* [Exercise prompt]
Take the line containing "Vivian's Bridal 2019" and each line after it through the end of the data below, and return them exactly, minus any pictures.

* [Data excerpt]
____
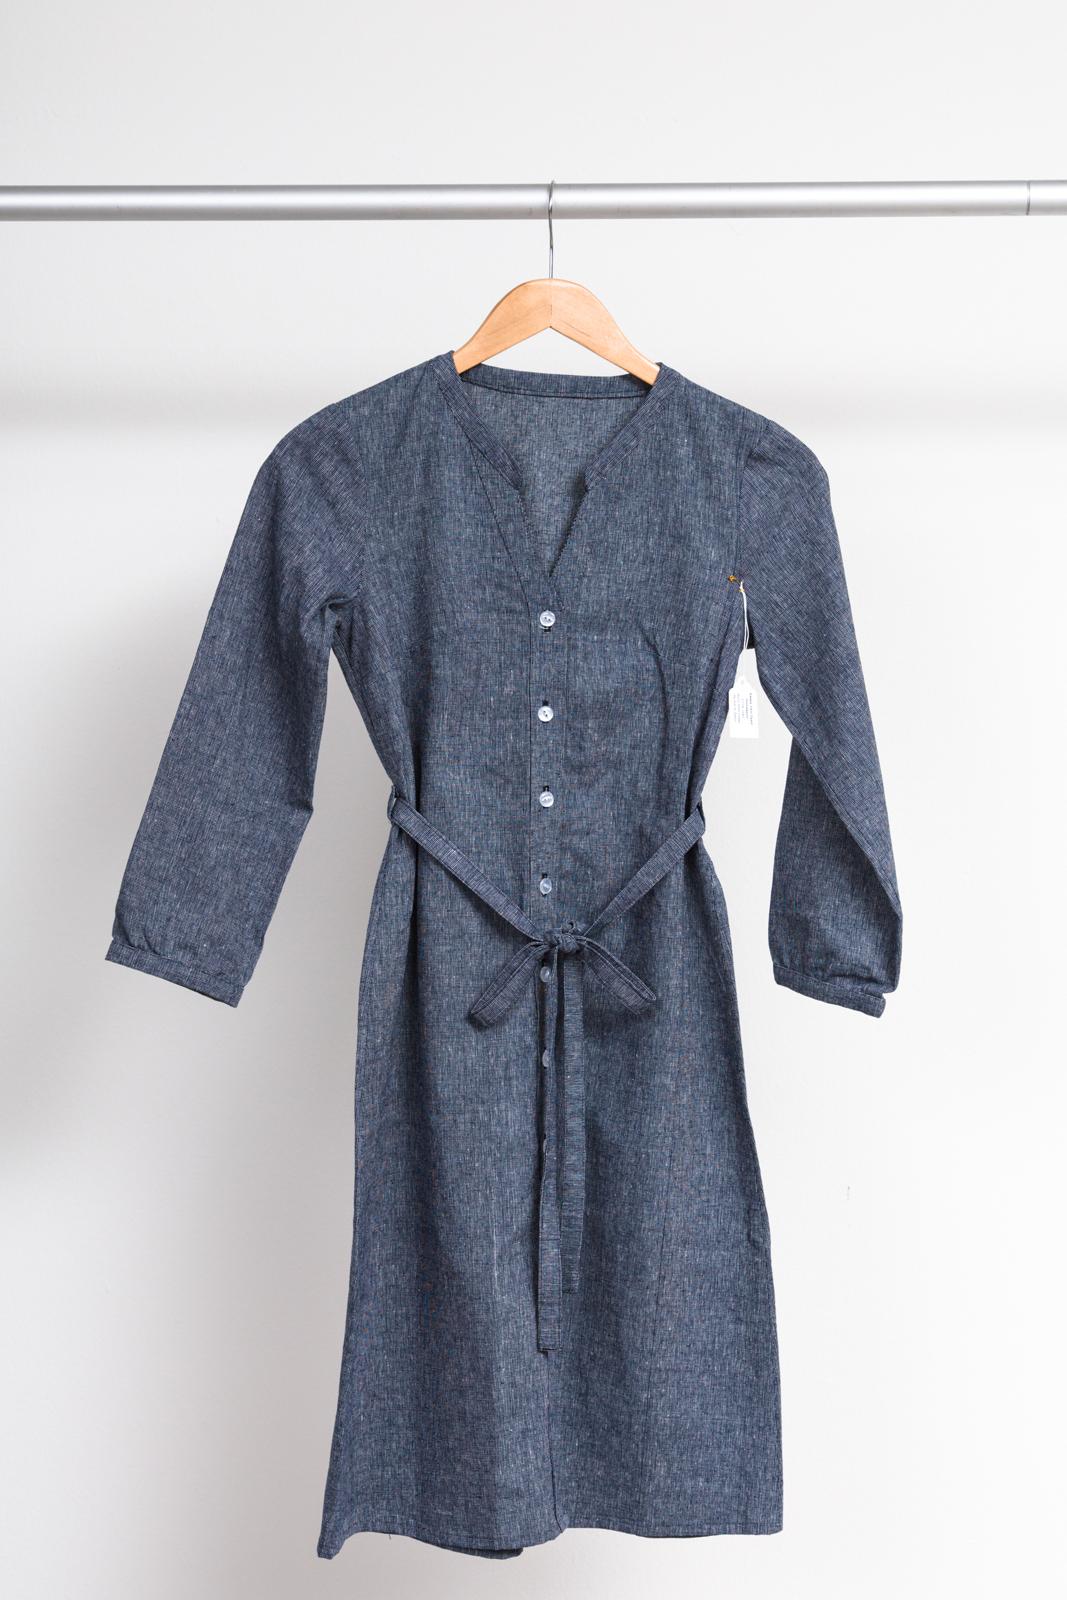 BONN SHIRT DRESS  BY  ITCH TO STITCH,   ESSEX YARN DYED HOMESPUN
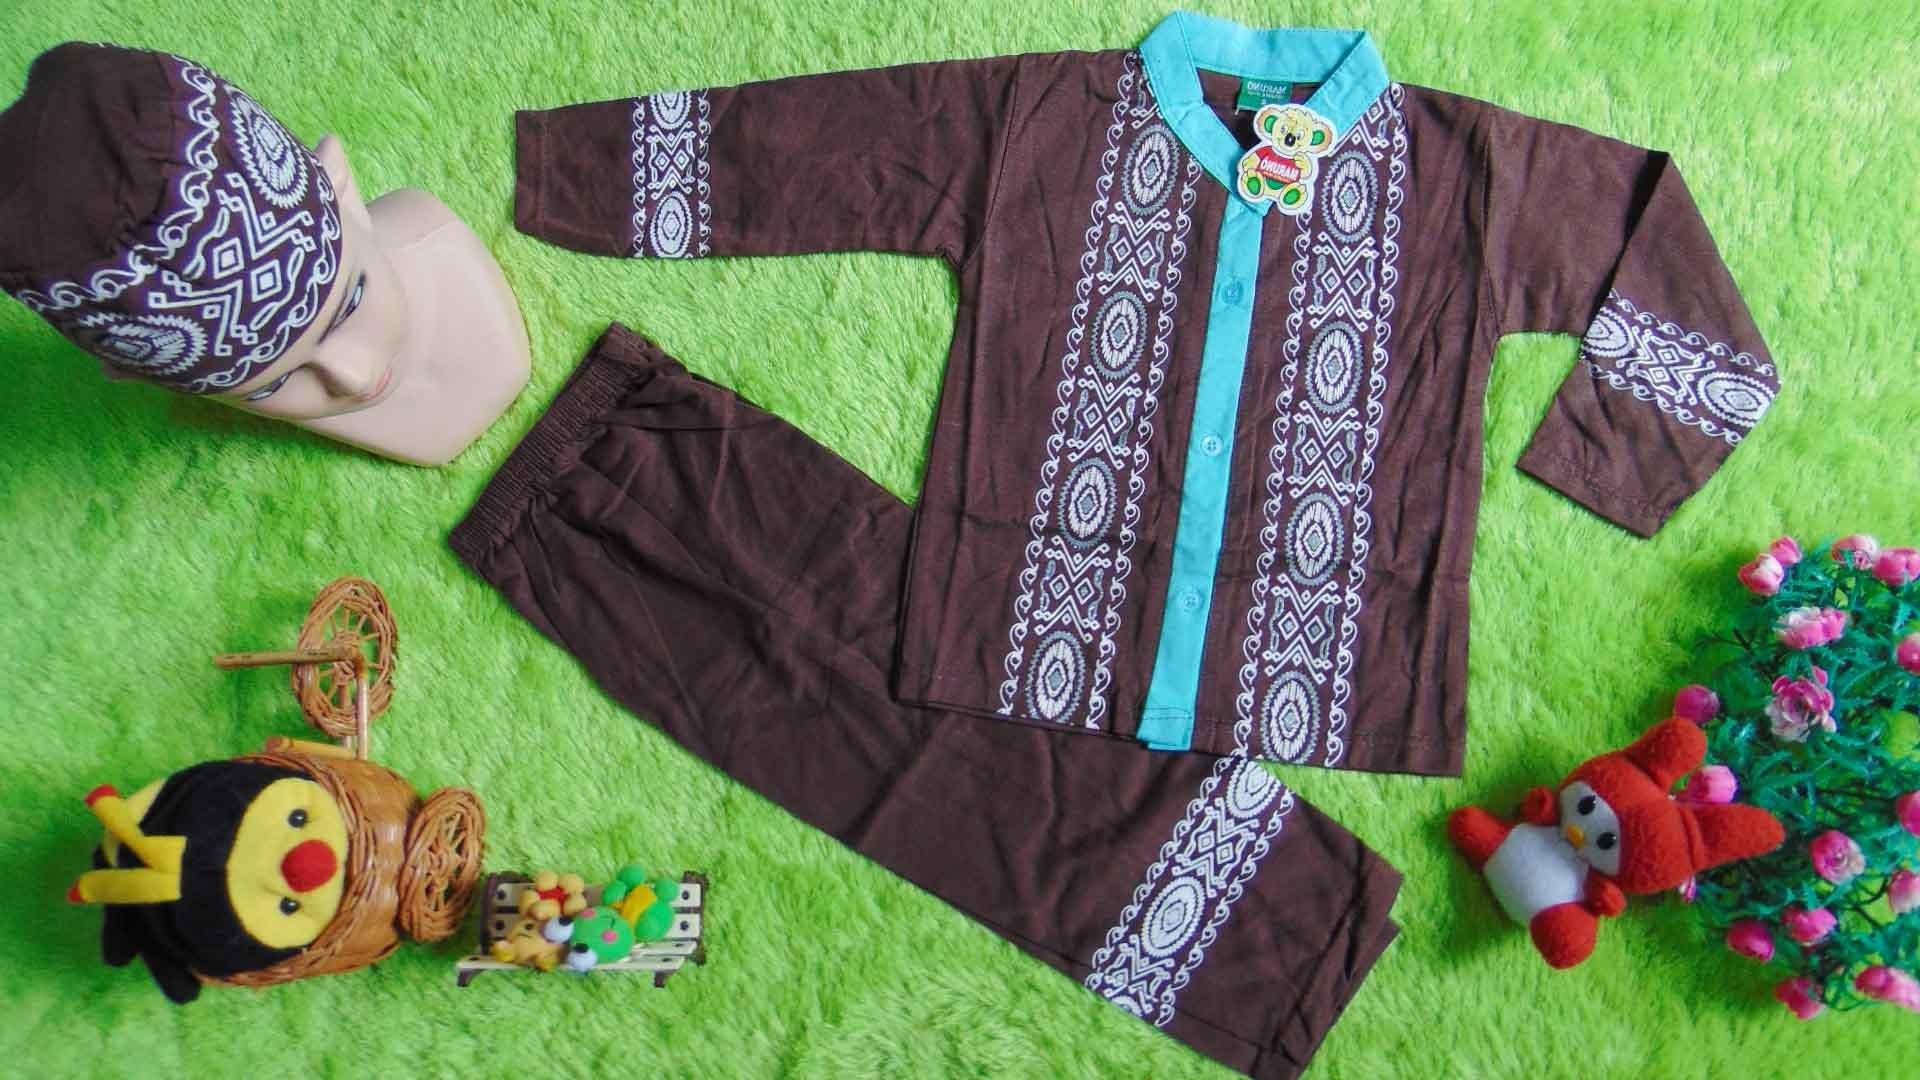 Design Baju Lebaran Laki Laki T8dj Paling Laris Setelan Baju Koko Muslim Lebaran Ramadhan
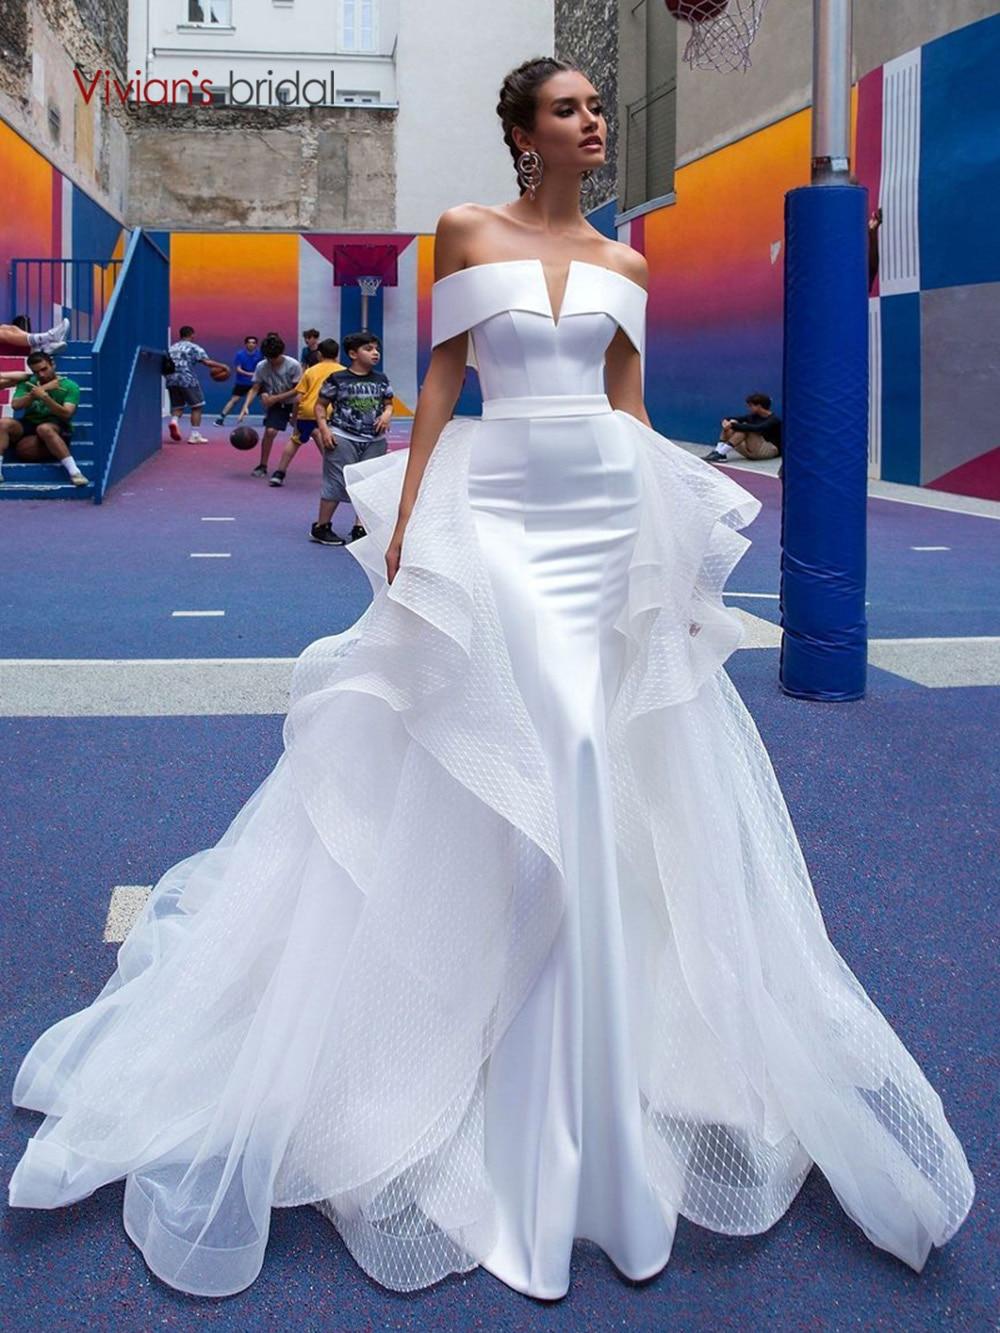 Vivian's Bridal 2019 Hot Reflective Dress Satin Wedding Dress Sexy Strapless Off Shoulder Detachable Train Mermaid Bridal Dress
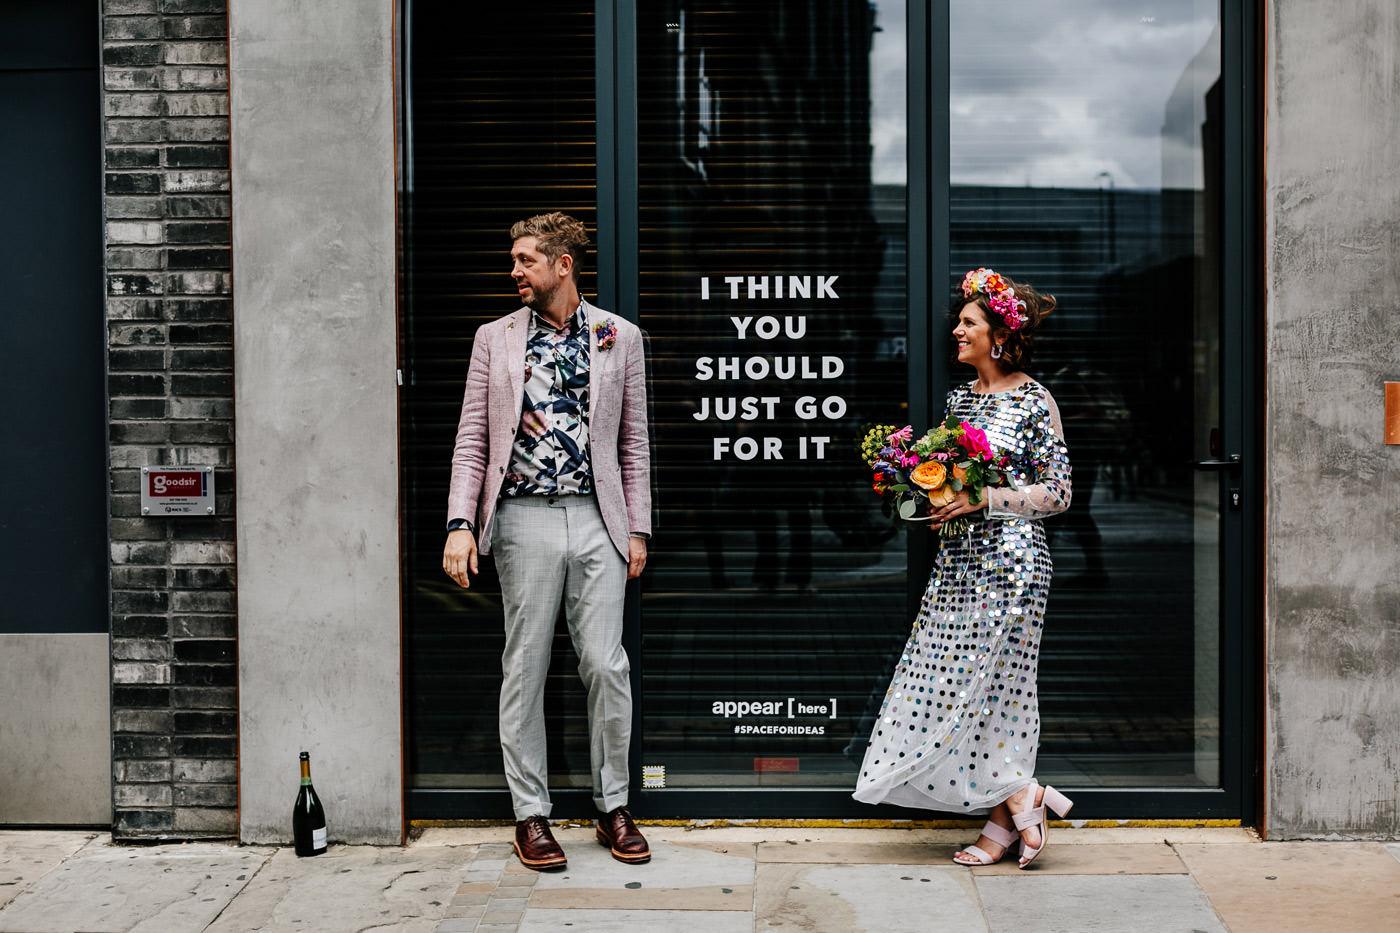 Ace Hotel, shoreditch edgy wedding photographer
____
* [Task solution]
 Vivian's Bridal 2019 Hot Reflective Dress Satin Wedding Dress Sexy Strapless Off Shoulder Detachable Train Mermaid Bridal Dress
 Ace Hotel, shoreditch edgy wedding photographer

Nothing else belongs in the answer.